Прежде, чем Сережа успел ответить что-нибудь, я нажала кнопку и сказала:
– Не надо тебе в Одинцово. Поворачивай в обратную сторону.
Голос спросил со страхом:
– А что там, в Одинцове? Вы знаете что-нибудь? – и сразу же, без паузы, задал еще один вопрос: – А где вы едете?
– Не говори, Аня, – быстро сказал папа, и протянув руку, отобрал у меня микрофон и сжал его в своем большом кулаке, словно пытаясь перекрыть звук на случай, если я попробую все-таки ответить неизвестному голосу, который продолжал выкрикивать в эфир:
– Алё! Алё, где вы едете? Что там, в Одинцове? Алё?
– Может, там еще все спокойно, – сказала я папе, не поворачивая головы – мы как раз съезжали с шоссе – и он ответил:
– Одинцово в десяти километрах от Москвы, Аня, как там может быть спокойно, сама подумай. И вот еще что. Мы на общей волне, поэтому никаких деталей – кто мы, где мы, на чем мы, поняла? Если этот мужик сказал правду, сейчас даже за тот небольшой запас топлива, который у нас есть, нам снесет башку любой добропорядочный гражданин. Не говоря уже обо всех остальных, которых на этой трассе было полно даже в лучшие времена.

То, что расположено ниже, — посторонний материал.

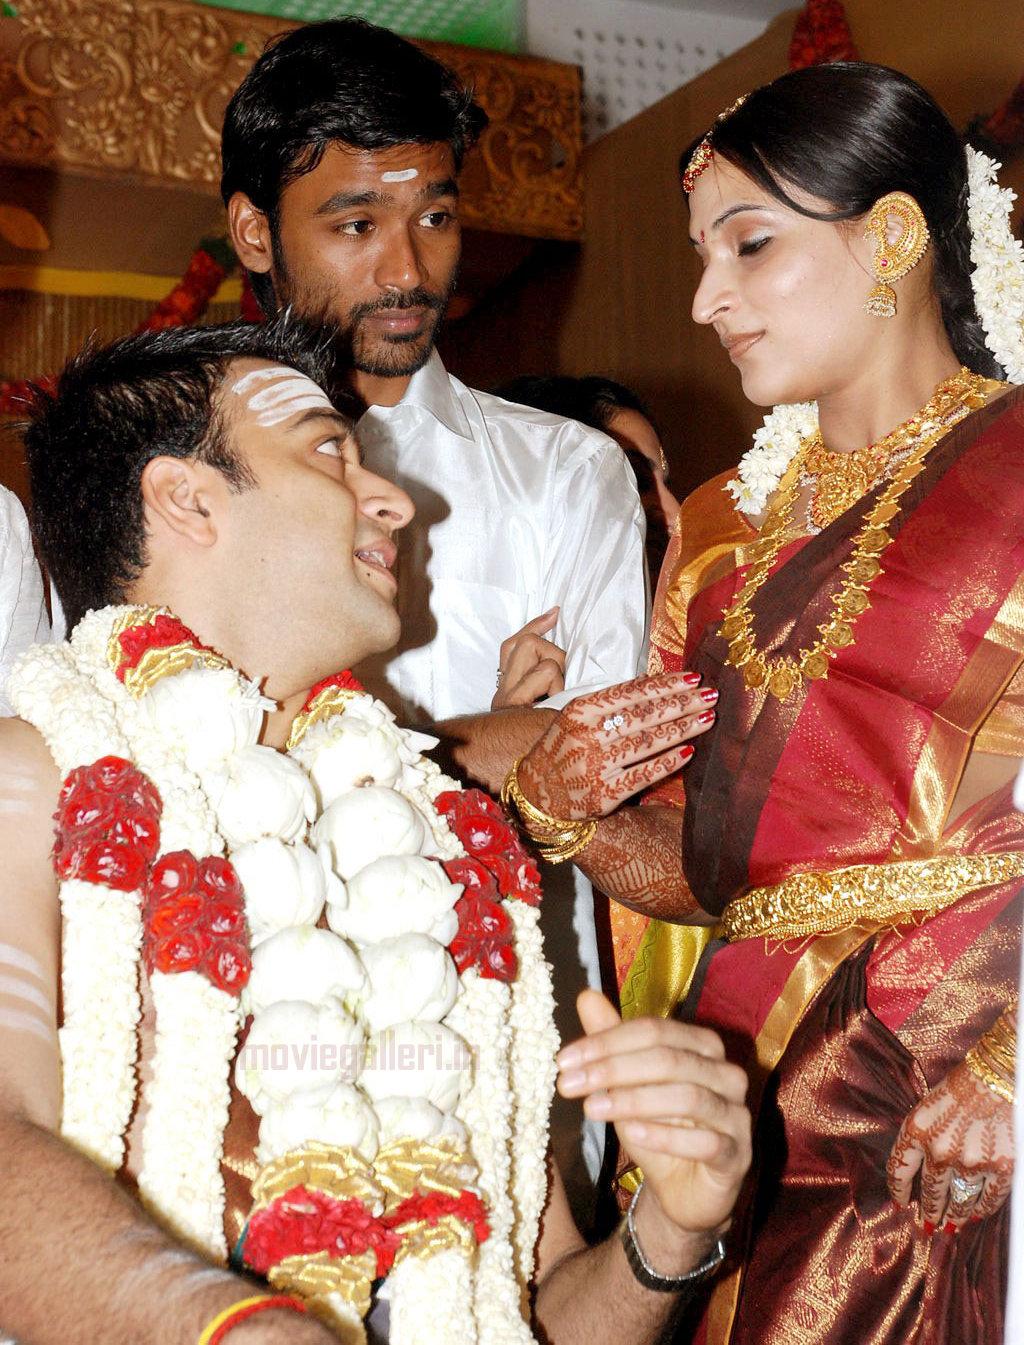 Dhanush and aishwarya wedding
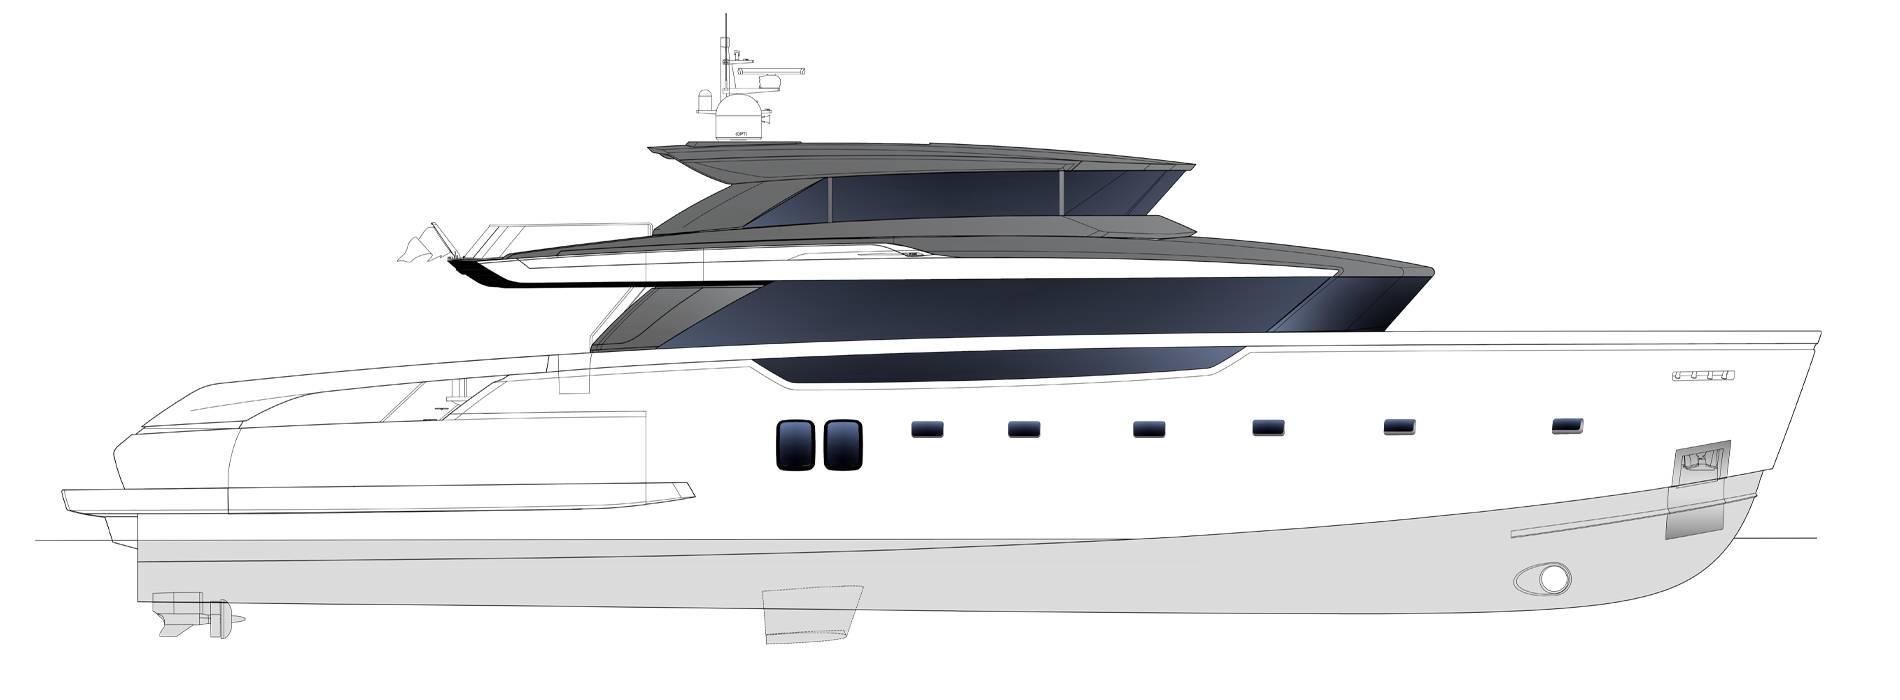 Sanlorenzo Yachts SX112 外观

– Я знаю, – повторила я всё так же раздраженно, и больше мы уже ничего не говорили. Молчал и Сережа; в полной тишине три наших машины свернули на развилке направо и сразу же въехали под табличку с надписью «Новопетровское», за которой по обеим сторонам дороги начались жилые кварталы. На противоположной стороне дороги я увидела заправку. Возле съезда прямо на трассе стояли два длинных тентованных грузовика с выключенными фарами, сама же заправка была освещена, но совершенно очевидно закрыта – ни возле колонок, ни у кассы никого не было. Не сбавляя скорости, мы проехали мимо; мне показалось, что стекло вокруг кассового окошка разбито, а на сухом, чистом асфальте блестят осколки, но прежде, чем я успела рассмотреть все подробнее, дорога немного вильнула, и заправка пропала из вида.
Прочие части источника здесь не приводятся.